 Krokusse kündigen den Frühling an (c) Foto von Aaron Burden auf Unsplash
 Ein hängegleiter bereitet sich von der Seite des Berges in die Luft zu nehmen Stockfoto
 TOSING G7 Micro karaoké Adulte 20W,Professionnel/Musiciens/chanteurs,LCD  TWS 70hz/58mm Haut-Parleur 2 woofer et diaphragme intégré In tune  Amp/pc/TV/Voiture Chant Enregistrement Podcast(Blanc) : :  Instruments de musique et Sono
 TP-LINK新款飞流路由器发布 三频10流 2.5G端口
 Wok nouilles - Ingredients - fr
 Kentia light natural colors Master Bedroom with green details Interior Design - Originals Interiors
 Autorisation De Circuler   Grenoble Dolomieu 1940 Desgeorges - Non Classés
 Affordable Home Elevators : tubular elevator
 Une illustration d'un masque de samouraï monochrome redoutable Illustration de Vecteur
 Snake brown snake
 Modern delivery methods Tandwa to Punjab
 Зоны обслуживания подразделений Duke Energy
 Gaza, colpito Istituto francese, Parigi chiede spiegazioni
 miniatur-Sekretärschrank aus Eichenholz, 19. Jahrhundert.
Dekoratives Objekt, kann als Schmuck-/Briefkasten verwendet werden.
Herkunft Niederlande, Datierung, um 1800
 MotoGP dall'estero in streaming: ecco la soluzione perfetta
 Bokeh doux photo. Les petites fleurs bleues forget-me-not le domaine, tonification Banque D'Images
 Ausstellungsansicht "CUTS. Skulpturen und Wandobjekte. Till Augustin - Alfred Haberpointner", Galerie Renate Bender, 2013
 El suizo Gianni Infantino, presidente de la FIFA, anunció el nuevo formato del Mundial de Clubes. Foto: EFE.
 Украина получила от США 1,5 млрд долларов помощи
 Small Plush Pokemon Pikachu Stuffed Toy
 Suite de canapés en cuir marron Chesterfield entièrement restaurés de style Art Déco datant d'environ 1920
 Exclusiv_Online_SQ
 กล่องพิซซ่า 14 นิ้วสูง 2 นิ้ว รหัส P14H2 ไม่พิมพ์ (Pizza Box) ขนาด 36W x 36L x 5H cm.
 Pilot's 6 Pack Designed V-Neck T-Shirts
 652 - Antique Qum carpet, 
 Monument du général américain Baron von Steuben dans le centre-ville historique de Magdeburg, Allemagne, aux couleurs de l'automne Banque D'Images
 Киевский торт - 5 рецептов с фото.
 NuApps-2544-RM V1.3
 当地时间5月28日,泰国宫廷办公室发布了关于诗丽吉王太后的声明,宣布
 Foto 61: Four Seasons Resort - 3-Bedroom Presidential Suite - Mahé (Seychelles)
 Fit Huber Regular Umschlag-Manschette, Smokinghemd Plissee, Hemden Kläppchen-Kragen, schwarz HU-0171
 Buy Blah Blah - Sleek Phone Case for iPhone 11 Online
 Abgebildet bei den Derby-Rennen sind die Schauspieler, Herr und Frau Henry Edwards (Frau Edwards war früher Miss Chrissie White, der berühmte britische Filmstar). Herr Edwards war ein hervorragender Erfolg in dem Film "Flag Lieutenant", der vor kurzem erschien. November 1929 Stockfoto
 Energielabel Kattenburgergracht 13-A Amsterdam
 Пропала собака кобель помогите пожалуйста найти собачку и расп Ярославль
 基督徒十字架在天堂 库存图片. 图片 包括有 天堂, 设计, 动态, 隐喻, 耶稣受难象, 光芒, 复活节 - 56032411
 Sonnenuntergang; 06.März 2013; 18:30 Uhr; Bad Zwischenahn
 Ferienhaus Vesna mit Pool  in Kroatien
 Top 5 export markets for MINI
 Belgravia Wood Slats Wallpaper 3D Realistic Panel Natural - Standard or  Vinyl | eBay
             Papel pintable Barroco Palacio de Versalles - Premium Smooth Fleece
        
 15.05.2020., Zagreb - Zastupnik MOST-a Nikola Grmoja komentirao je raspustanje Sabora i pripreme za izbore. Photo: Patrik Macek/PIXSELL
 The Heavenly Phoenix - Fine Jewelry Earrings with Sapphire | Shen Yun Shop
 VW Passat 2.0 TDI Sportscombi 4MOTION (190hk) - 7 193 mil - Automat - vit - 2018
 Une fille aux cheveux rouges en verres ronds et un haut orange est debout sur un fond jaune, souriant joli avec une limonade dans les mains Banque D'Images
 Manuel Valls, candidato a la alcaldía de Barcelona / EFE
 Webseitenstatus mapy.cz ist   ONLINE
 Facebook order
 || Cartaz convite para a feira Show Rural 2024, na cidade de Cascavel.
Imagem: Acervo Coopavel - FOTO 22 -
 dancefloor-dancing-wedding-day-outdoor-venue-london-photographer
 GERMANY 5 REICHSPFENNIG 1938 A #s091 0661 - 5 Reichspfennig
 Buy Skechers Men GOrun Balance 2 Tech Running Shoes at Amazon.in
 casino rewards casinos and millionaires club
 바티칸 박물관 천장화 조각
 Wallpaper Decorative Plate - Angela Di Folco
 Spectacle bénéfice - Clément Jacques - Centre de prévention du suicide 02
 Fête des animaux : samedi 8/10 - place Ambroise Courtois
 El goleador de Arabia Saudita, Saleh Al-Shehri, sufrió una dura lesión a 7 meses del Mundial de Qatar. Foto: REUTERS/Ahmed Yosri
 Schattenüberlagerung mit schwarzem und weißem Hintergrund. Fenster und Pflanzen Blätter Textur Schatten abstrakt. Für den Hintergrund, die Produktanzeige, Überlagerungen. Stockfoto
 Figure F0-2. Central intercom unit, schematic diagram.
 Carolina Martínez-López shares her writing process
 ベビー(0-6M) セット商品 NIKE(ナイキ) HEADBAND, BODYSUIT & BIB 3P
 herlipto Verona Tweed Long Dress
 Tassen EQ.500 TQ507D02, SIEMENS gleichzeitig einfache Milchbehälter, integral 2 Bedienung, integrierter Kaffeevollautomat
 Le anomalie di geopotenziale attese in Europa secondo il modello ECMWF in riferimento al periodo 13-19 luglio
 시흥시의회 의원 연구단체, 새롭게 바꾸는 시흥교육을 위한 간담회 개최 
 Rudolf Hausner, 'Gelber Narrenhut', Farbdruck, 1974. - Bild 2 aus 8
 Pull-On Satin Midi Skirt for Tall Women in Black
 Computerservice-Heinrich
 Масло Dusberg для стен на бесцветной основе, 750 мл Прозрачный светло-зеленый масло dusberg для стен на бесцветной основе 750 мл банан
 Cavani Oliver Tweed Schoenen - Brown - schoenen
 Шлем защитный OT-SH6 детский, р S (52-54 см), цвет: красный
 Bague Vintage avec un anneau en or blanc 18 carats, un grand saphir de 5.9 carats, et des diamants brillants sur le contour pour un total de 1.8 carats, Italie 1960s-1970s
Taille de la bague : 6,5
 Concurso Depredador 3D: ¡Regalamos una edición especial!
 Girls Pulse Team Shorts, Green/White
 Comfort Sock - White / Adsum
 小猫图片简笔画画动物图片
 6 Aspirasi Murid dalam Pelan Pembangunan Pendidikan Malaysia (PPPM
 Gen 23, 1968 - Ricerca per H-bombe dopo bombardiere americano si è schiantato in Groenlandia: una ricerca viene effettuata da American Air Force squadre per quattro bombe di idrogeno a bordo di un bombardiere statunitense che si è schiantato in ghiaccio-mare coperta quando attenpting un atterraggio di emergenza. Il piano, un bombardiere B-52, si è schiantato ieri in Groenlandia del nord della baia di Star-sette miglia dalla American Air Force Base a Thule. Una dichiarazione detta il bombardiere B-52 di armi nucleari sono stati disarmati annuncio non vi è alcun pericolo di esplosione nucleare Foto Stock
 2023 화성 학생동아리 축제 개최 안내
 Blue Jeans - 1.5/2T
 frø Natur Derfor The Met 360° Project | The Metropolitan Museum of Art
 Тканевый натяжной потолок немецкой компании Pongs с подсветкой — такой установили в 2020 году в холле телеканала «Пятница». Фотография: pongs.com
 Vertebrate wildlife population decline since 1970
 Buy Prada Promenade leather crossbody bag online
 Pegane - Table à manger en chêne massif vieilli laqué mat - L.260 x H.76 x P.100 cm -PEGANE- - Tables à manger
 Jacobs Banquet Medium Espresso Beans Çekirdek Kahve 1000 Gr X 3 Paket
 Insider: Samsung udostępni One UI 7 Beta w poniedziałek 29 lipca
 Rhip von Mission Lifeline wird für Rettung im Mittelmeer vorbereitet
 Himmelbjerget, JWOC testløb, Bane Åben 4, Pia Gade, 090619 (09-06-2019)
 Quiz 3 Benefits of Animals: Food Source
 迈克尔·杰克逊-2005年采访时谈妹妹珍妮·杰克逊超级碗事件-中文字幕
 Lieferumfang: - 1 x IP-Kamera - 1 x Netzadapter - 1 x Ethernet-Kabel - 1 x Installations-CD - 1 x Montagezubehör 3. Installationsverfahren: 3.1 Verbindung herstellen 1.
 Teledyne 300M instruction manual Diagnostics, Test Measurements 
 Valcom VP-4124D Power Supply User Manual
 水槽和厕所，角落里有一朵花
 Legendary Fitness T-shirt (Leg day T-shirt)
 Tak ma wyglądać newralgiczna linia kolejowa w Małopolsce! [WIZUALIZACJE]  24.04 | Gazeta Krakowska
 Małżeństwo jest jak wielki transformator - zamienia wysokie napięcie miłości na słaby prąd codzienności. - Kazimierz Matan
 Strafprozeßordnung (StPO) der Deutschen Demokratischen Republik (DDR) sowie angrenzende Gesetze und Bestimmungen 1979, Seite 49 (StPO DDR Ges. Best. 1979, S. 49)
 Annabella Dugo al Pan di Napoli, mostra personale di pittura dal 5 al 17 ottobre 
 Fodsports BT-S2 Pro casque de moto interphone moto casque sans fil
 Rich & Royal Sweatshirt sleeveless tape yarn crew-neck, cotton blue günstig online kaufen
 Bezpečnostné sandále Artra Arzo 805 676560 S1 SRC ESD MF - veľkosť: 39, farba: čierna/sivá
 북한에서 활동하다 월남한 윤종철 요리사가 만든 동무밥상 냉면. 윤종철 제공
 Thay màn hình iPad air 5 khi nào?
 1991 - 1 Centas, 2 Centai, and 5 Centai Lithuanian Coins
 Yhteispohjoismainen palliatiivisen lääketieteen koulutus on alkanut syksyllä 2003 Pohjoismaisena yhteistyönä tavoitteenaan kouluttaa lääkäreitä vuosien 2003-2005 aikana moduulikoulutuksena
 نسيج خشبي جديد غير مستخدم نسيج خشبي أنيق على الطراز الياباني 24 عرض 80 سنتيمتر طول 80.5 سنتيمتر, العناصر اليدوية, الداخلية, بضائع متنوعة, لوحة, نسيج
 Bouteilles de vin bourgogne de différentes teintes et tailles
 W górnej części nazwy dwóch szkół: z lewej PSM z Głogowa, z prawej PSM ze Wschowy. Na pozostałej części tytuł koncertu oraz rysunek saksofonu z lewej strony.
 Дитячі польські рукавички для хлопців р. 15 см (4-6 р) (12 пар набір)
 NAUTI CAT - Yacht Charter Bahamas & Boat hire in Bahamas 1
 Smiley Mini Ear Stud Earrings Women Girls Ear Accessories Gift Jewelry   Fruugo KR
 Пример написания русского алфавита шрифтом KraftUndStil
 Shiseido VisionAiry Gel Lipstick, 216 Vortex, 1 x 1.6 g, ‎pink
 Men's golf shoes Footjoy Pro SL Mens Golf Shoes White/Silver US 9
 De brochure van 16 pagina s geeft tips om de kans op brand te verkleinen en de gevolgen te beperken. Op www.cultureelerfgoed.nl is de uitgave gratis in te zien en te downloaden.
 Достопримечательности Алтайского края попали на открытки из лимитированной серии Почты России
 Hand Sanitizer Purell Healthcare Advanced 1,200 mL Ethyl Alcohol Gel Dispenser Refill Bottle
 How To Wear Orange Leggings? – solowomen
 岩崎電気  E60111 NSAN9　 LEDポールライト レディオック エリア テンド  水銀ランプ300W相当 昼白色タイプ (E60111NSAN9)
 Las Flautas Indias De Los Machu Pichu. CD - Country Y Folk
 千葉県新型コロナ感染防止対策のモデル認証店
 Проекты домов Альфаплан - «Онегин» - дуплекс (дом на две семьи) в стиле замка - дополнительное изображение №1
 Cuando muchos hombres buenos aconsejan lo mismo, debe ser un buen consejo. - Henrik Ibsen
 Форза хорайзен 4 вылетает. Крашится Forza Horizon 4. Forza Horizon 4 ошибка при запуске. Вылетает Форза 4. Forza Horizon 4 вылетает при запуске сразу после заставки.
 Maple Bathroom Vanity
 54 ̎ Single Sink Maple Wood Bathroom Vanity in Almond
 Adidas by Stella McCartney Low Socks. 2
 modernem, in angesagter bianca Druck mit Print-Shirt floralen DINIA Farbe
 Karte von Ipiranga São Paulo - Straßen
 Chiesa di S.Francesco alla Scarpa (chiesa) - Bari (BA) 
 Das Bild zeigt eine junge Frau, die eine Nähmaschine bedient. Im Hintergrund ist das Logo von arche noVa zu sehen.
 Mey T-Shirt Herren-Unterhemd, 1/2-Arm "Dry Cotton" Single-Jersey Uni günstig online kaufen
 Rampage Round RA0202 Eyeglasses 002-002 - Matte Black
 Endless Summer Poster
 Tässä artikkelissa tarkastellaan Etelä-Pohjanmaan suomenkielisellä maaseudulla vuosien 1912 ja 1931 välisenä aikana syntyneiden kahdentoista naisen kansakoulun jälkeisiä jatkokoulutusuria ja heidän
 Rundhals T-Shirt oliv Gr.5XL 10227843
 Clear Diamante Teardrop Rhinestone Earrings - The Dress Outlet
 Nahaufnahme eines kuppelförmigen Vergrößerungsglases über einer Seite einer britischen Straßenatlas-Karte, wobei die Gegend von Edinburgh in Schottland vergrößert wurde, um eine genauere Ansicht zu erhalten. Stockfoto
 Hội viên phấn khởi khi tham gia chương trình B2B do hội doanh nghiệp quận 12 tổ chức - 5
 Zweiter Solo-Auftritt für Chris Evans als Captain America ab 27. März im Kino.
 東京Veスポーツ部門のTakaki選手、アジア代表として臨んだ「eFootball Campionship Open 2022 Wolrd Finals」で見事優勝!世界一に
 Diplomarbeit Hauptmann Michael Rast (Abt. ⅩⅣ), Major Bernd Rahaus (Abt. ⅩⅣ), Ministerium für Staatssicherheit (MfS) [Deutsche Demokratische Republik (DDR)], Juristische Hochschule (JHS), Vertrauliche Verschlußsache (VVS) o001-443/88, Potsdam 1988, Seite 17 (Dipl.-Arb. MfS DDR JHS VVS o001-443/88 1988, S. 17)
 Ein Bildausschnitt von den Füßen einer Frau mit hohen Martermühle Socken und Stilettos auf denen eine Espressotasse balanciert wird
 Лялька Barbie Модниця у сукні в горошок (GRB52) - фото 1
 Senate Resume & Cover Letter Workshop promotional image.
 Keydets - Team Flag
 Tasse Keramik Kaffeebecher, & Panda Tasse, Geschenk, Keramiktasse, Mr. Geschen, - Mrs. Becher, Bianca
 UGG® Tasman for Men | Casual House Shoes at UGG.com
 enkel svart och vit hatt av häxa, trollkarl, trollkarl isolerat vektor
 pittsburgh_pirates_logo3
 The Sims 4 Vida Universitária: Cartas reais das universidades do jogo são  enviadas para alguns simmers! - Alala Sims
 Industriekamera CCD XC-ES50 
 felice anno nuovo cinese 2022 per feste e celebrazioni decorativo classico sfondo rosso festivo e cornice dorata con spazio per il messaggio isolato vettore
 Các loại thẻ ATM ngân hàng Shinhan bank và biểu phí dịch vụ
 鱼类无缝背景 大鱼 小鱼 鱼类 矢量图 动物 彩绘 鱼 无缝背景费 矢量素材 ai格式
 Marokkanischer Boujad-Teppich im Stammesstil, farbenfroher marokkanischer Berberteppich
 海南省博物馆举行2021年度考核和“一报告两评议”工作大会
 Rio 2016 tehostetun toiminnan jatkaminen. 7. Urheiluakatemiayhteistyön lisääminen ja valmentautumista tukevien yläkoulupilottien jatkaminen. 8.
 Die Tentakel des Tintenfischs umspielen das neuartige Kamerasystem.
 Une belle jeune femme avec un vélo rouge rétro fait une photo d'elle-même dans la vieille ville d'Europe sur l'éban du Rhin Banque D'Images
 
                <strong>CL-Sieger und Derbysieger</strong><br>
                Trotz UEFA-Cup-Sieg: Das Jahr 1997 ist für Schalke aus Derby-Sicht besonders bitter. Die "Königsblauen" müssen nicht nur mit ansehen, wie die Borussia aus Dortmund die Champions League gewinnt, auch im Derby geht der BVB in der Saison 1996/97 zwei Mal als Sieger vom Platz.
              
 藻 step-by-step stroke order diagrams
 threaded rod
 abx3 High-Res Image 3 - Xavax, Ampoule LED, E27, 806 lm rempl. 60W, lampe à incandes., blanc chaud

::::

--- TASK ITEM ---
For the lines above, output exactly those from the line containing "54 ̎ Single" through the line containing "東京Veスポーツ部門のTakaki選手、アジア代表として臨んだ「eFootball Campionship Open", and skip the others.

--- TASK OUTPUT ---
 54 ̎ Single Sink Maple Wood Bathroom Vanity in Almond
 Adidas by Stella McCartney Low Socks. 2
 modernem, in angesagter bianca Druck mit Print-Shirt floralen DINIA Farbe
 Karte von Ipiranga São Paulo - Straßen
 Chiesa di S.Francesco alla Scarpa (chiesa) - Bari (BA) 
 Das Bild zeigt eine junge Frau, die eine Nähmaschine bedient. Im Hintergrund ist das Logo von arche noVa zu sehen.
 Mey T-Shirt Herren-Unterhemd, 1/2-Arm "Dry Cotton" Single-Jersey Uni günstig online kaufen
 Rampage Round RA0202 Eyeglasses 002-002 - Matte Black
 Endless Summer Poster
 Tässä artikkelissa tarkastellaan Etelä-Pohjanmaan suomenkielisellä maaseudulla vuosien 1912 ja 1931 välisenä aikana syntyneiden kahdentoista naisen kansakoulun jälkeisiä jatkokoulutusuria ja heidän
 Rundhals T-Shirt oliv Gr.5XL 10227843
 Clear Diamante Teardrop Rhinestone Earrings - The Dress Outlet
 Nahaufnahme eines kuppelförmigen Vergrößerungsglases über einer Seite einer britischen Straßenatlas-Karte, wobei die Gegend von Edinburgh in Schottland vergrößert wurde, um eine genauere Ansicht zu erhalten. Stockfoto
 Hội viên phấn khởi khi tham gia chương trình B2B do hội doanh nghiệp quận 12 tổ chức - 5
 Zweiter Solo-Auftritt für Chris Evans als Captain America ab 27. März im Kino.
 東京Veスポーツ部門のTakaki選手、アジア代表として臨んだ「eFootball Campionship Open 2022 Wolrd Finals」で見事優勝!世界一に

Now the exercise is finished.